Voetius in de bres voor de leer
”Bron van troost” bevat volgens de titelpagina en de kafttekst de verdediging van de gereformeerde leer door Gisbertus Voetius. Maar in welke mate is de bron van dit boekje zelf er nog in te herkennen?
Even bekroop mij de vrees dat ik iets over het hoofd gezien had in mijn onderzoek naar het werk van Utrechts eerste hoogleraar in de theologie, Gisbertus Voetius (1589-1676). Van een geschrift op zijn naam met de titel ”Bron van troost” had ik namelijk nog nooit gehoord. Het blijkt echter te gaan om een hertaling van fragmenten uit het eerste Nederlandstalige boek dat Voetius schreef.

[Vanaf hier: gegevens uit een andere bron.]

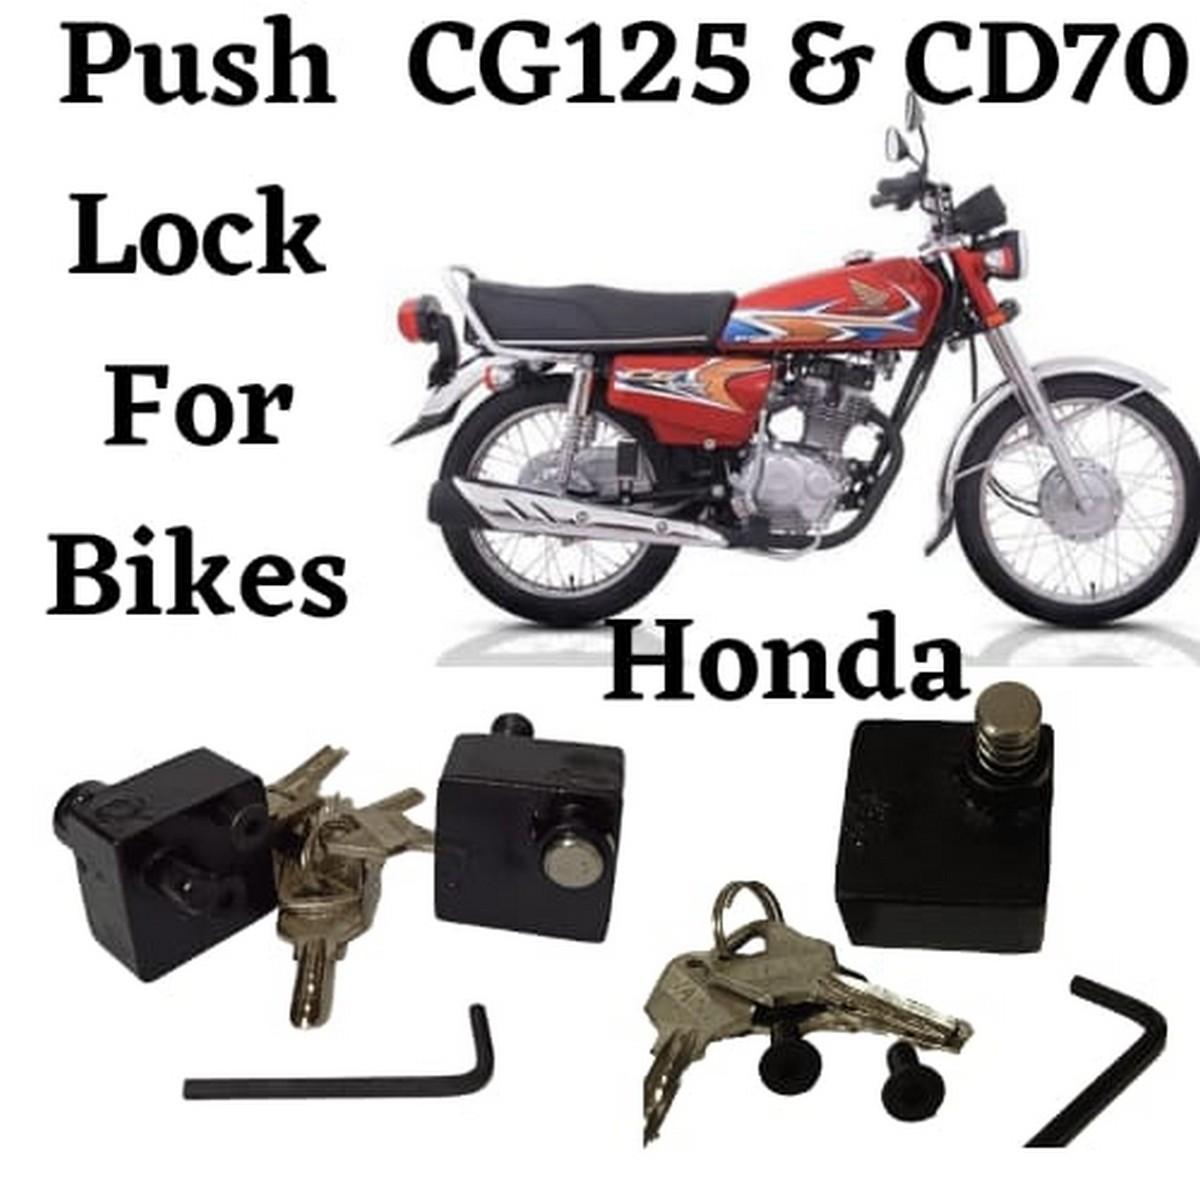 New Bike Lock As Puch Lock
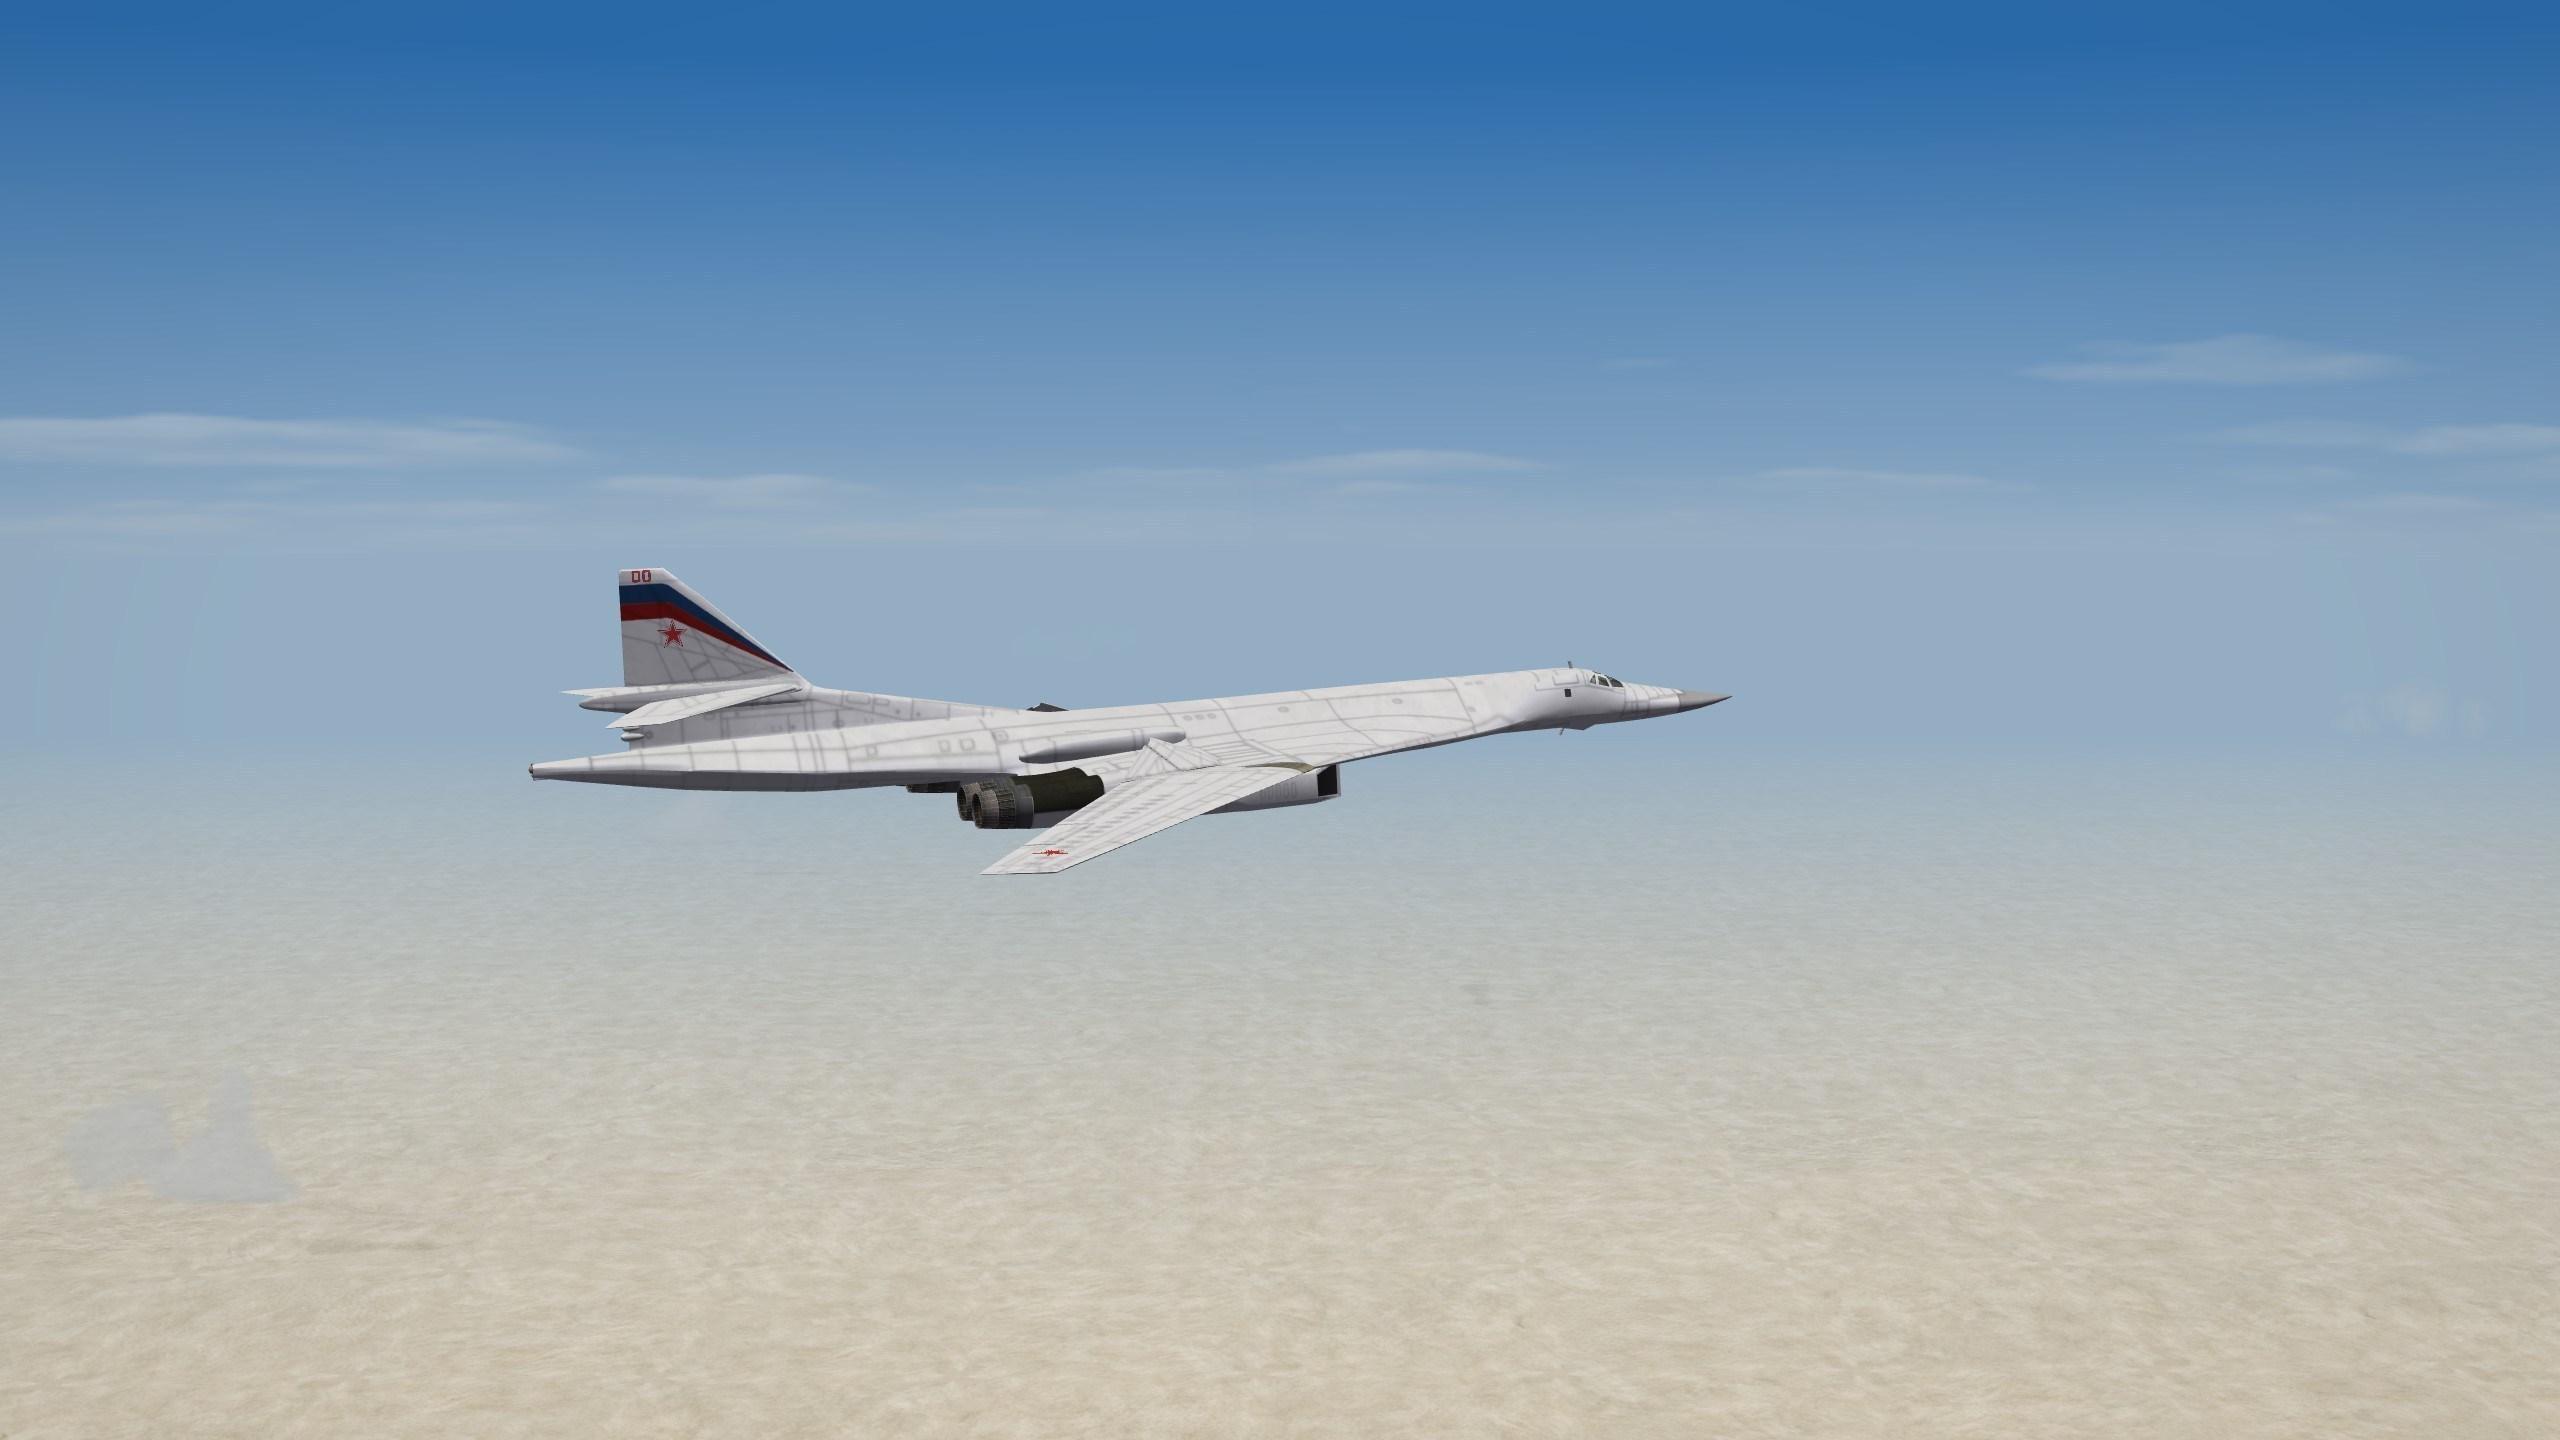 TU-160 Blackjack  - Cold War version for SF2 1.0.0 by UllyB

In het woord vooraf bij deze heruitgave van een publicatie uit 1833 maakt de tekstbezorgster, H. de Wit-van Westerhuis, een en ander duidelijk over de wordingsgeschiedenis van dit boekje. Zij schetst kort de historische achtergrond van de oorspronkelijk door Voetius geformuleerde weerlegging. Die was gericht op de remonstrant Daniel Tilenus, die de gereformeerde leer zoals die door de synode van Dordrecht was vastgesteld, aangevallen had.
Deze ”Proeve van de kracht der godzaligheid (…) tot verdediging van de leer der waarheid” –de oorspronkelijke titel is nog veel langer– verscheen voor het eerst in 1628. Uit dit verweerschrift zijn in ”Bron van troost” met name de zogeheten stellige gedeelten overgenomen; alle verwijzingen naar Tilenus zijn weggelaten. Dit houdt in dat bij benadering minder dan een derde van de oorspronkelijke tekst overgebleven is.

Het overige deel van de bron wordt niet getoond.